Update: wrote a couple of lines of code, so we can now do this example (and it turns out I already had complement() defined in another way, so exclude() seemed the best name).

First the code tweaks (in the functions file):

# exclude(|a> + |c>,|a> + |b> + |c> + |d>) == |b> + |d>
#
def exclude_fn(x,y):
  if x > 0:
    return 0
  return y
       
def exclude(one,two):
  return intersection_fn(exclude_fn,one,two).drop()

Now put it to use:

sa: list-of-songs |The Doors> => 10|the doors: People are Strange> + 10|the doors: Light My Fire> + 7|the doors: The End> + 6|the doors: Love Me Two Times> + 0.2|the doors: Moonlight Drive>
sa: list-of-songs |heard recently> => |the doors: Light My Fire> + |the doors: The End>
sa: list-of-interesting |songs> => exclude(list-of-songs |heard recently>,list-of-songs |The Doors>)
sa: list-of-interesting |songs>
10|the doors: People are Strange> + 6|the doors: Love Me Two Times> + 0.2|the doors: Moonlight Drive>

It works! And this idea of "list-of-something |heard recently>" and then excluding it from a list, seems to me a common pattern humans use. Maybe something as simple as telling jokes. You want to keep track of the ones you have already said. And the reverse, dementia. You forget the stories you have just told to your grandchild. And the child says "Grandma, you already told me that one!".

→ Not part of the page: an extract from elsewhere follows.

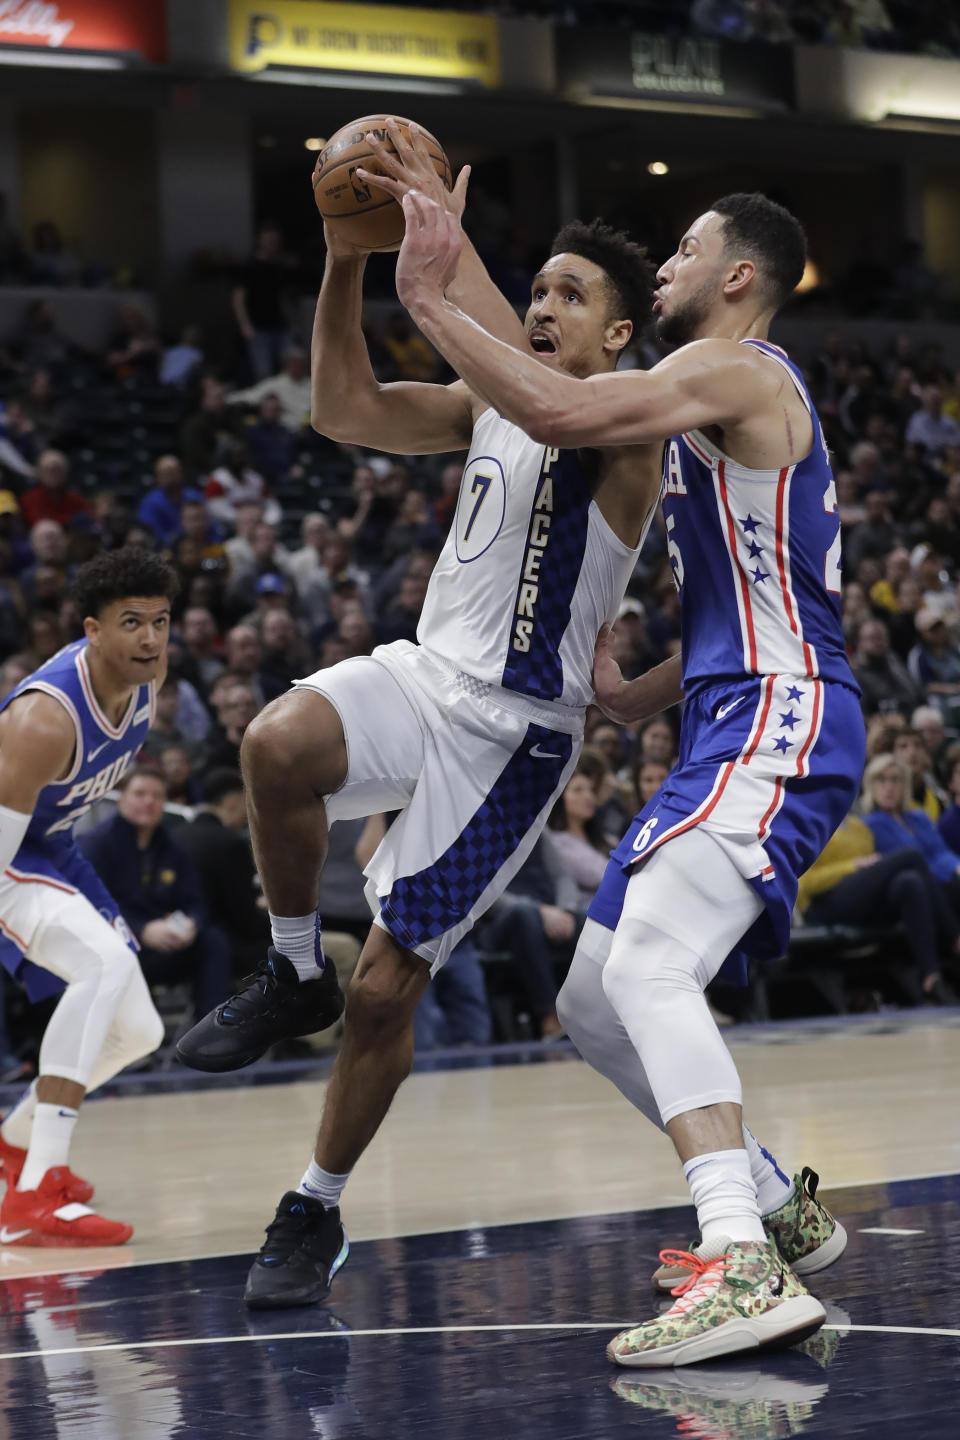 Indiana Pacers' Malcolm Brogdon (7) is fouled by Philadelphia 76ers' Ben Simmons (25) as he goes up for a shot during the first half of an NBA basketball game, Monday, Jan. 13, 2020, in Indianapolis. (AP Photo/Darron Cummings)

In this case the child might be doing something like:
you-already-told-me-that-one |*> #=> do-you-know mbr(|_self>,list-of-stories|heard recently>)

The other thing about the exclude function, it reminds me of this Sherlock Holmes quote:
"Once you eliminate the impossible, whatever remains, no matter how improbable, must be the truth."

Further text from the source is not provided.